The aortic rings with endothelium were pre-contracted with PE (10–6 mol·L-1). Adding cumulative compound 1 with the concentration gradually increasing from 10–11 to 10–4 mol·L-1 when the maximum tension was achieved to obtain the concentration–response curve of compound 1-induced relaxation. Endothelial integrity was identified by the level of relaxation caused by acetylcholine (10–5 mol·L-1) under the isometric tension induced by phenylephrine (10–6 mol·L-1). As previous study showed, the evaluation standard for endothelium-intact vessels is that the acetylcholine-induced relaxation achieves 80% or greater[9] and the same volume solvent alcohol was added as control group.

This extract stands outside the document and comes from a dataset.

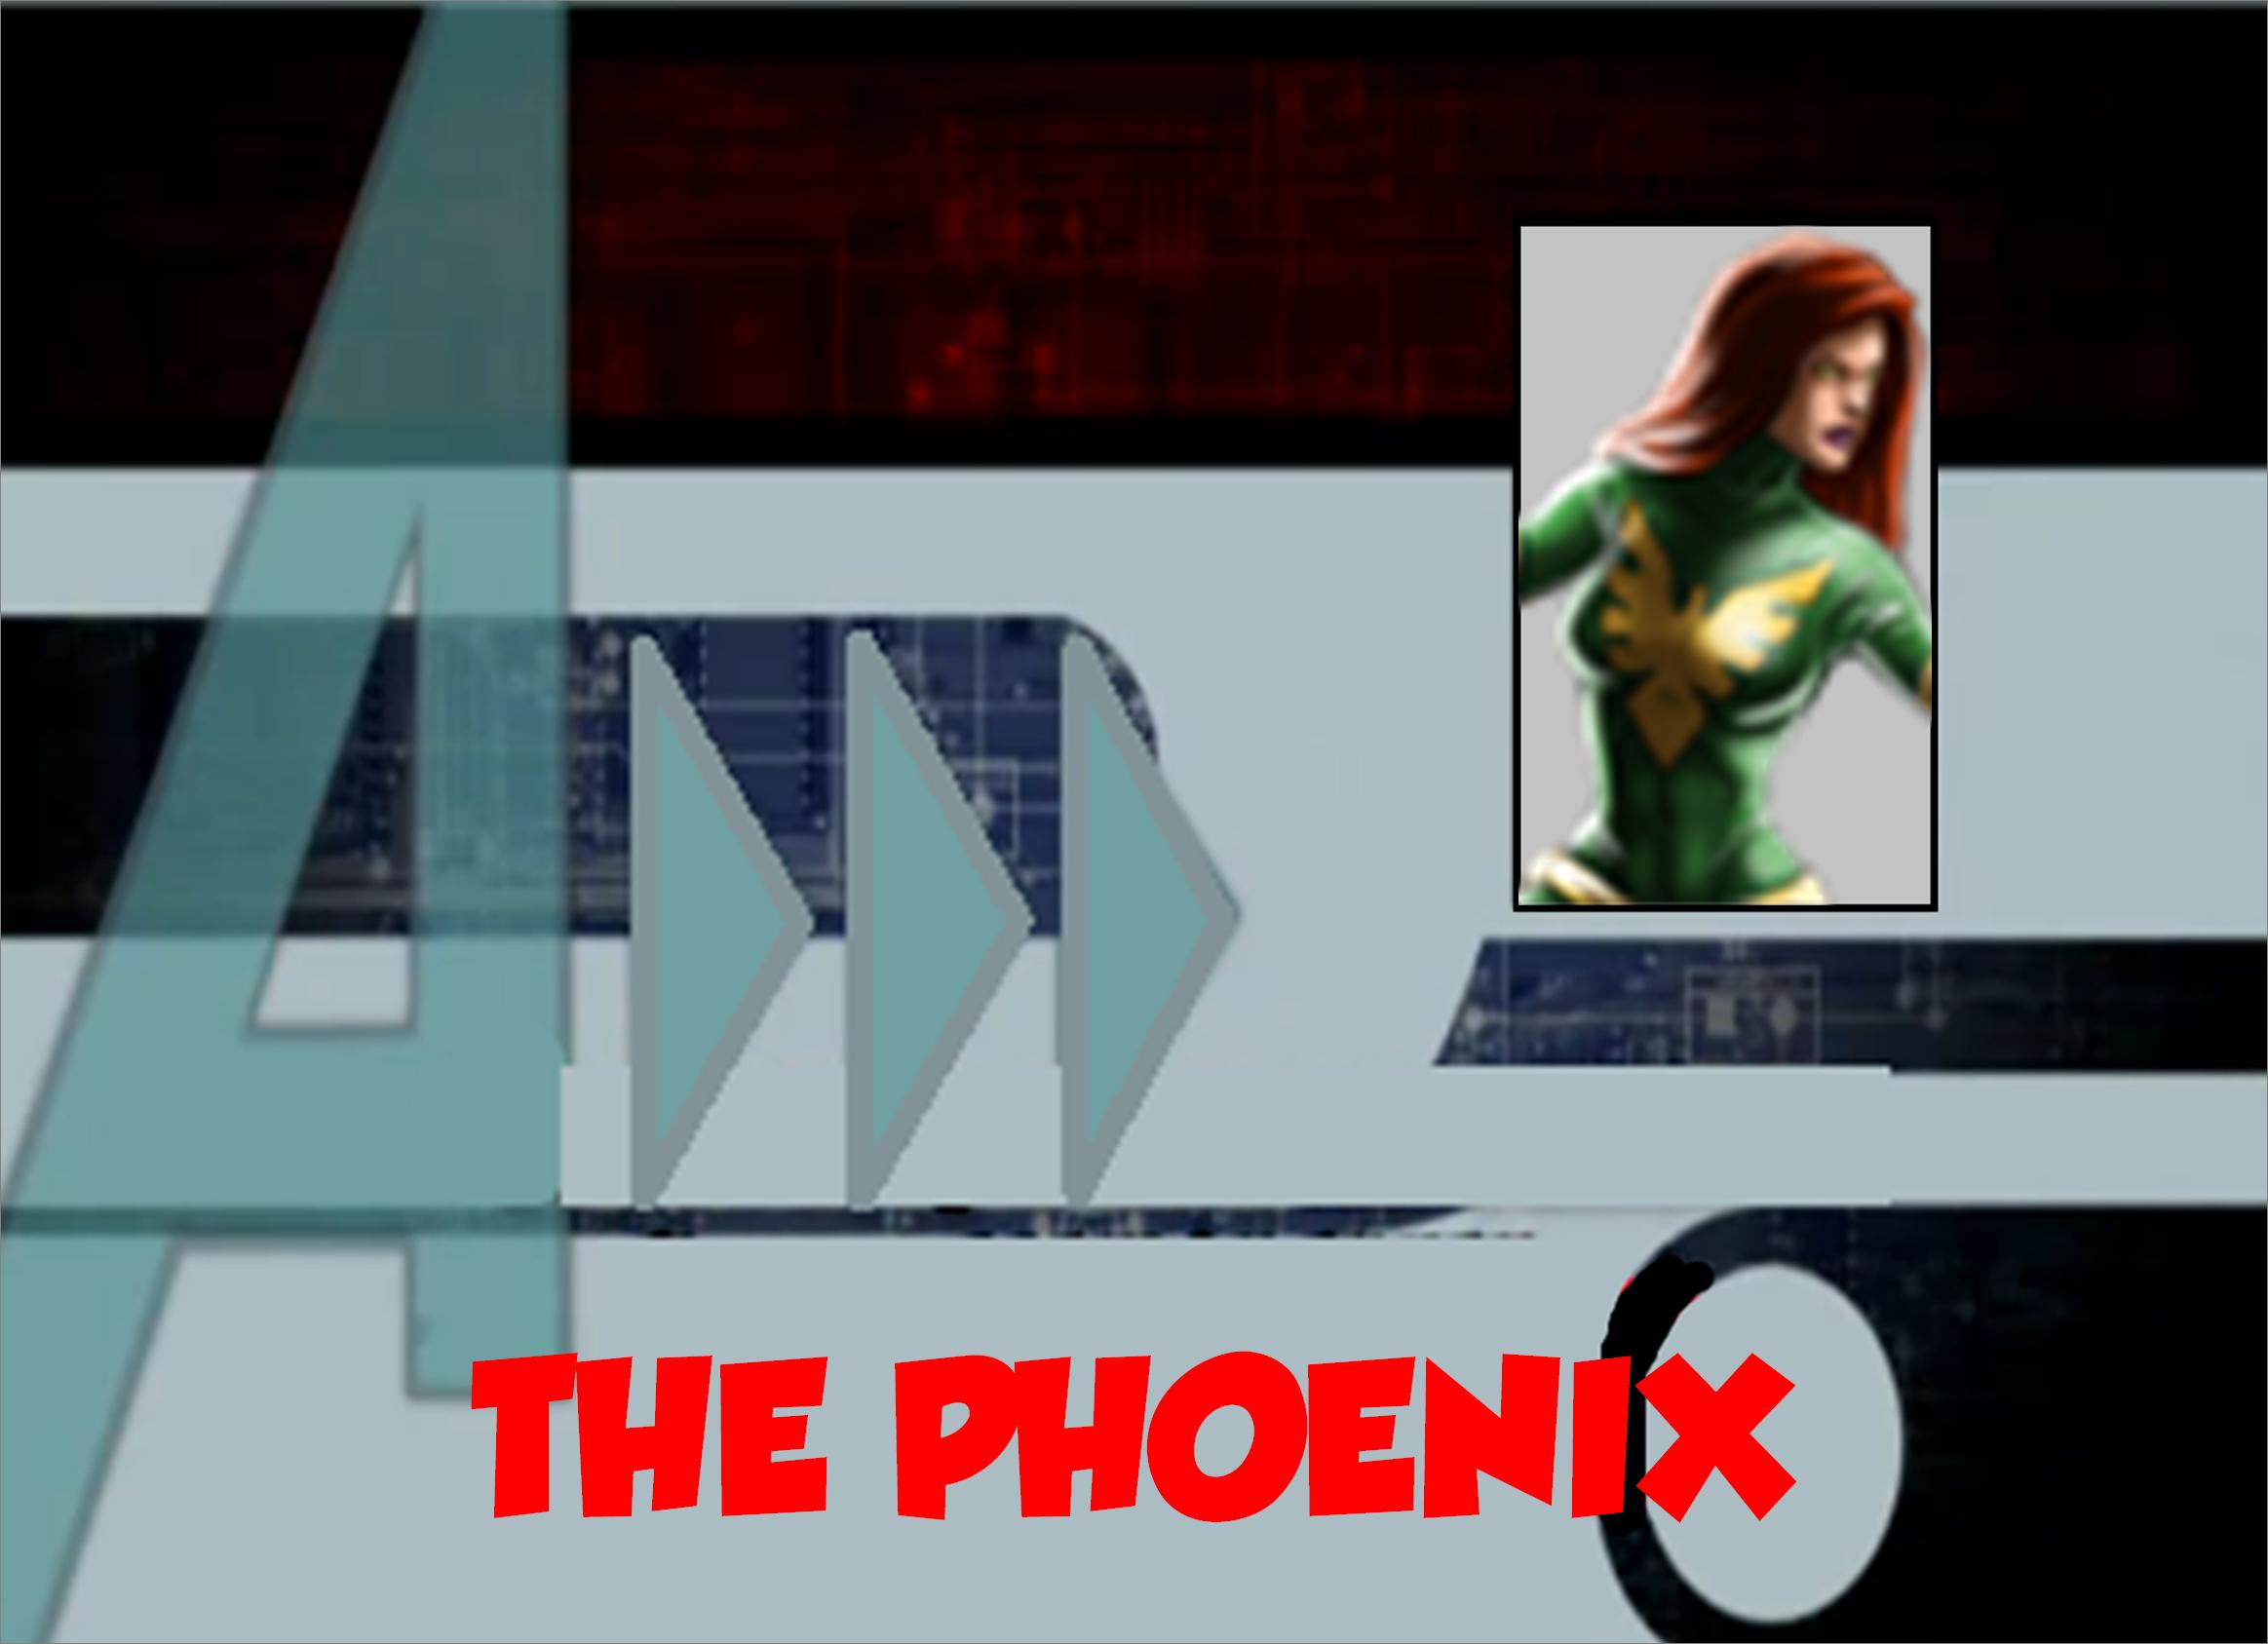 The Phoenix (A!)

We also make natural hirsutine as a control to assess the relative potency of vasodilator effect of the analogue of hirsutine. The rings were pre-contracted with PE (10–6 mol·L-1), and then add to cumulative compound 1 or natural hirsutine with the concentration gradually increasing from 10–11 to 10–4 mol·L-1. Obtain the concentration-response curve and make comparison between these two groups.

Experimental Animals.

There were seven groups in this experiment and each group has included at least six rats. Male Spontaneously Hypertensive Rats during 250–350 g were used. All animal care and experimental protocols complied with the Animal Management Rules of the Ministry of Health of the People’s Republic of China and approved by the local ethical committee of Fudan University. All surgery was performed under anesthesia of chloral hydrate or pentobarbital sodium, and all efforts were made to ameliorate animal suffering.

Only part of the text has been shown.